Two For The Seesaw
Buckland Theatre Company
Trafalgar Studios (Studio 2)
Two for the Seesaw charts the ups and downs of a volatile relationship between a Nebraska lawyer licking his wounds in New York as his wife divorces him long distance and a wannabe dancer from the Bronx whose bad health has stalled her career and a succession of mismatched relationships mucked up her life.
Henry Fonda and Anne Bancroft played them in the 1958 Broadway première and Robert Mitchum and Shirley MacLaine in the movie that followed and perhaps their personalities brought something to make you care about this couple but here it’s an uphill struggle for Charles Dorfman and Elsie Bennett to do so. William Gibson’s script doesn’t do much to help them.
Dorfman’s Jerry starts the play pacing up and down, so indecisive that he changes chairs before making the decision to pick up the telephone on which half the play’s action seems to be conducted. He dials on one side of Max Dorey’s bifurcated setting which puts Jerry's and Gittel’s apartments side by side and is answered on the other with a running gag of just missing calls and dialling at the same time.
Jerry is not just indecisive, he’s a pain and Dorfman plays him as written.

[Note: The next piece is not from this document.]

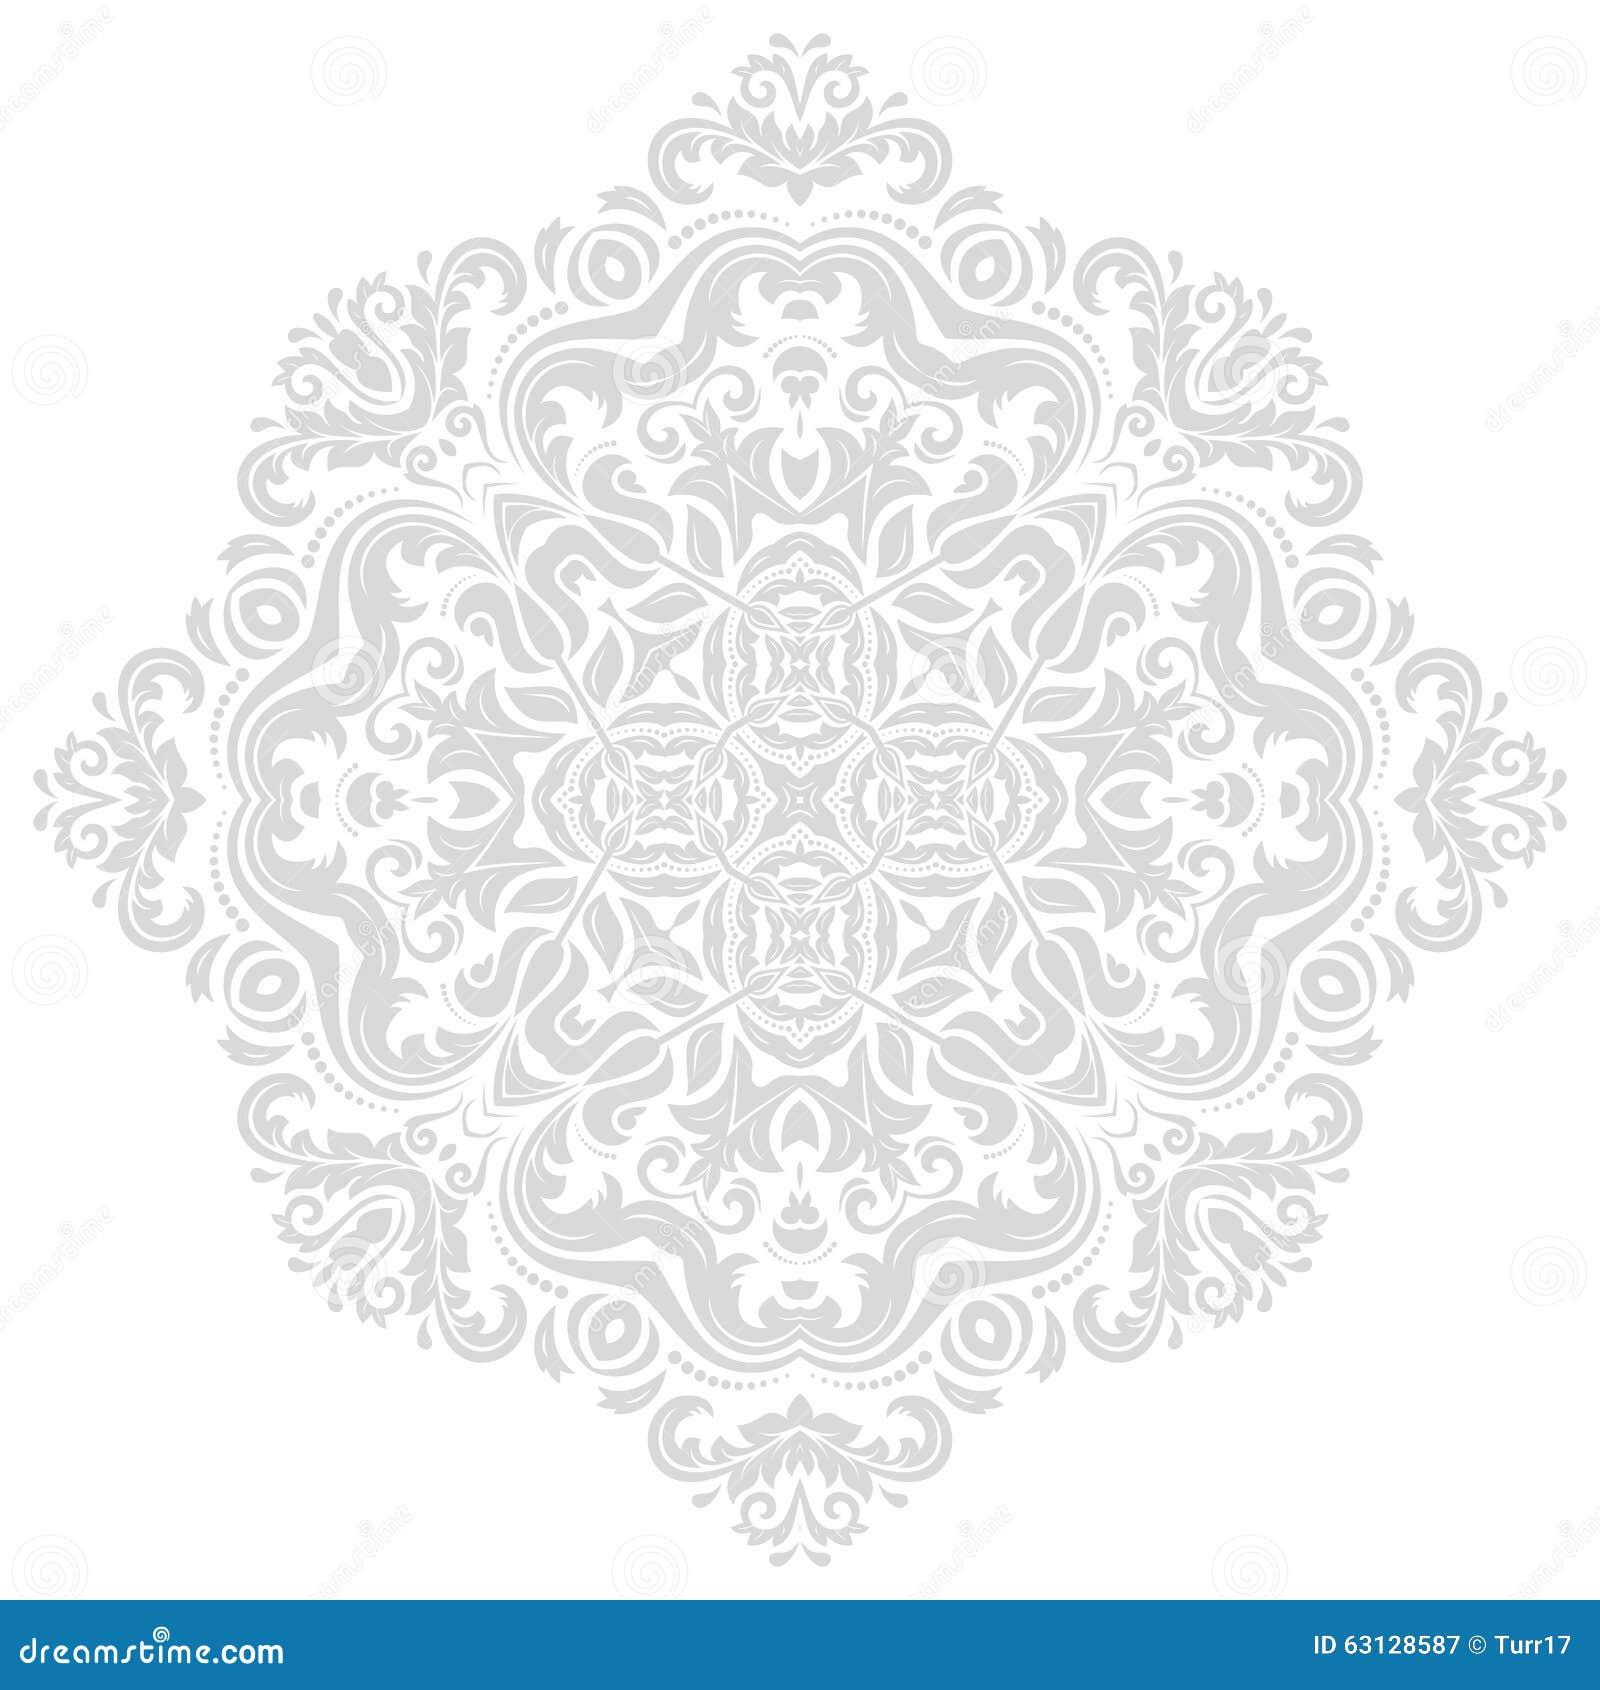 orientalisches abstraktes vektor muster vektor abbildung bild 63128587. Black Bedroom Furniture Sets. Home Design Ideas
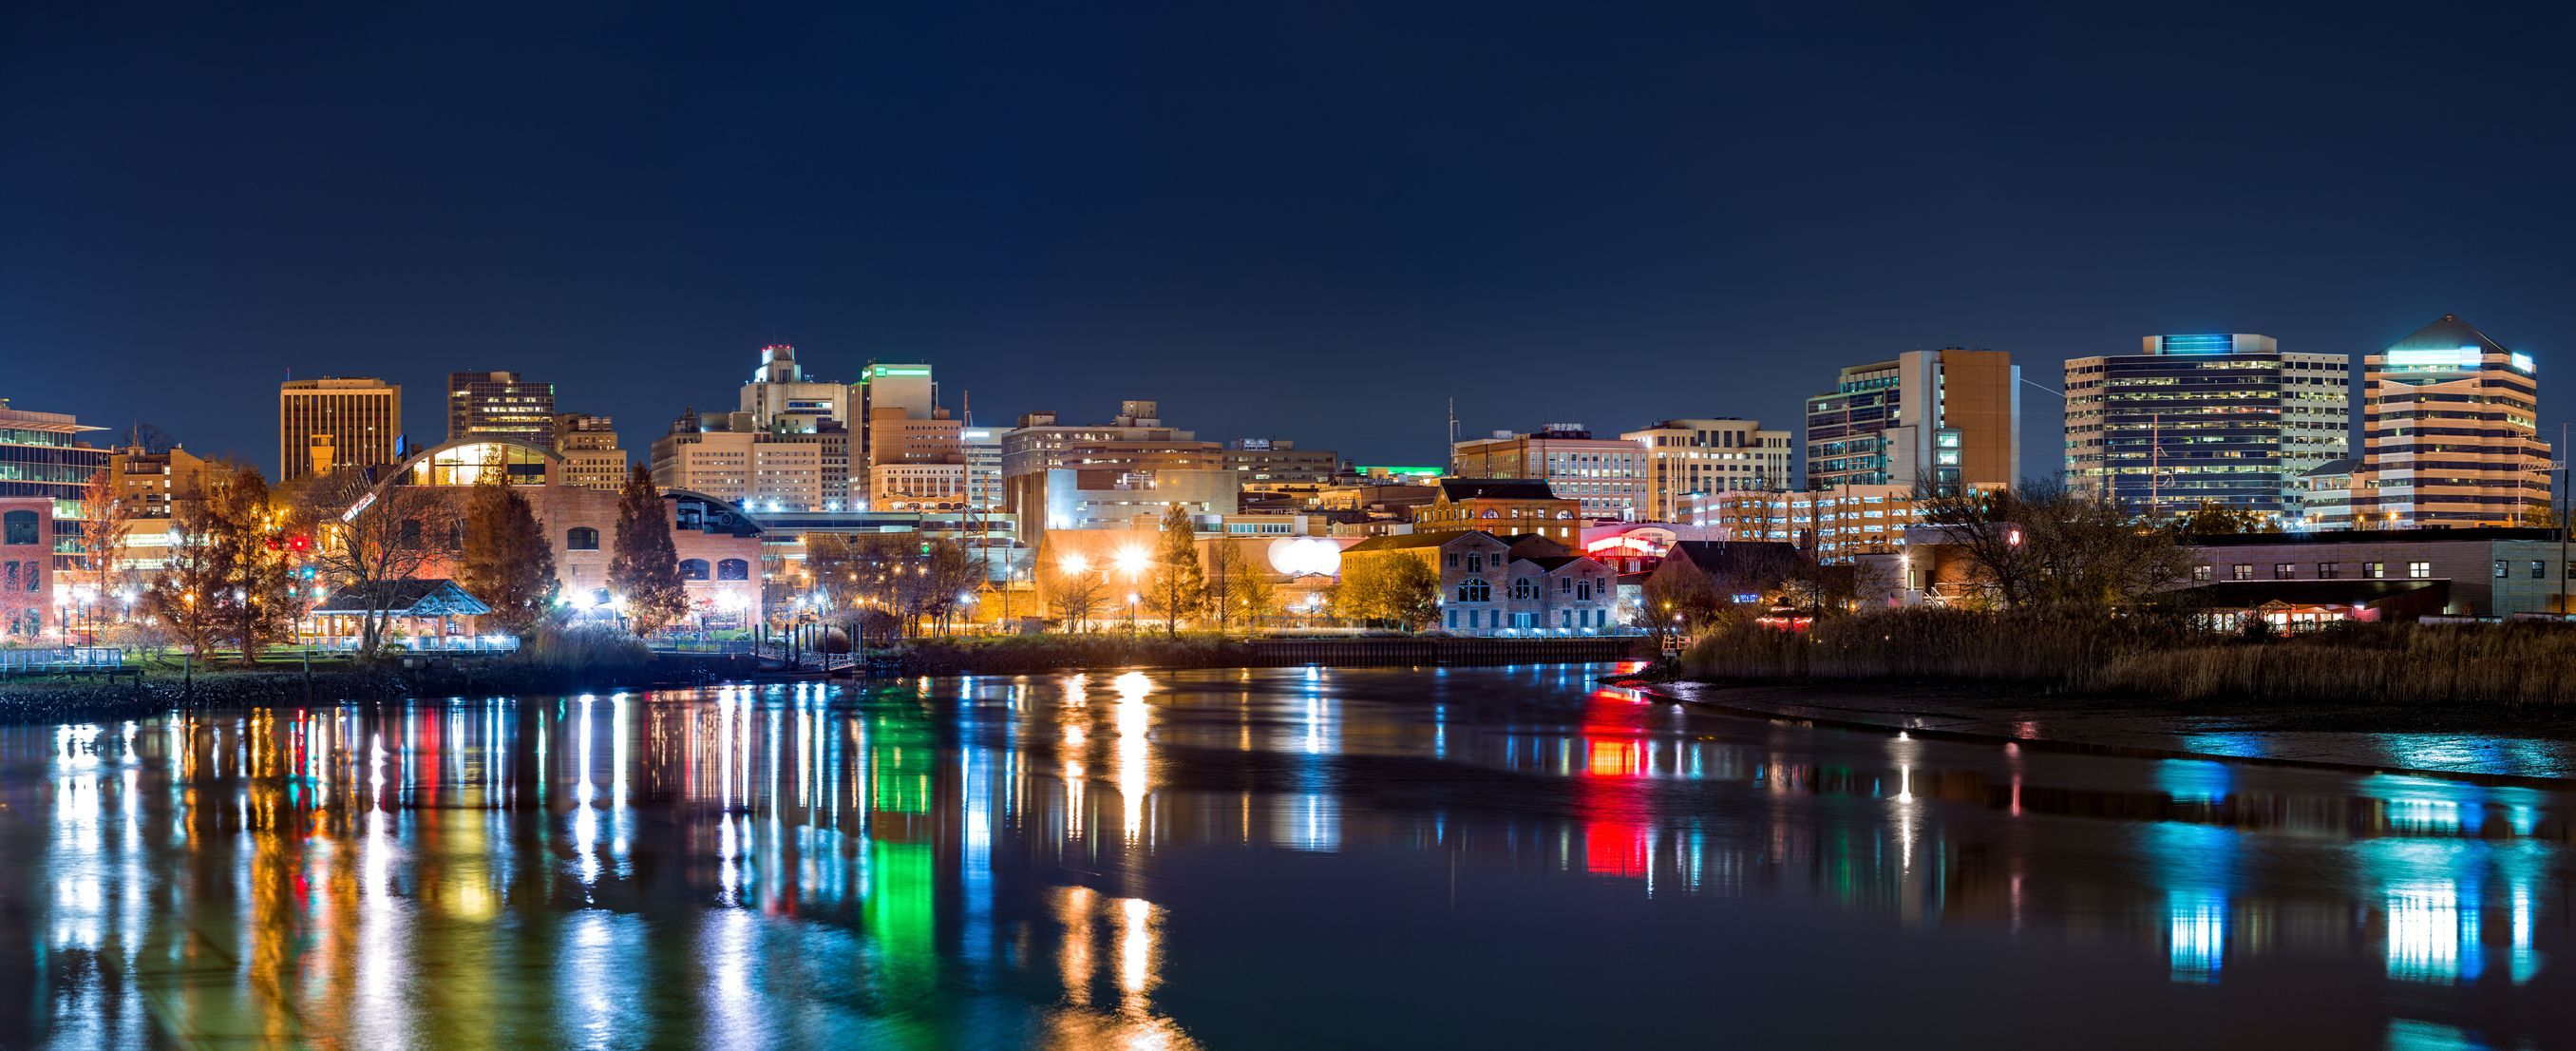 Wilmington, DE #4715

Elsie Bennett gets the better deal as Gittel: she may be a Bronx Jewish girl stage stereotype but at least she is lively, which gives the actress a chance to inject some vitality.
As the play progresses from one night stand to cohabitation and after, there is little indication of timescale as it presents a succession of scenes at seesaw tipping points, thin on any background about how they live their lives or what has changed the relationship and lacking any real drama until after the interval.
It needs more than just throwing a couple of oddballs together to make interesting theatre. This couple’s cry of, “I need you, give me something to hang on to,” is one that we surely connect with.
Director Gary Condes has found the laughs when Gibson’s writing is sharpest but, though Bennett sometimes makes this formulaic 'fifties play sparkle, there is nothing momentous about this revival.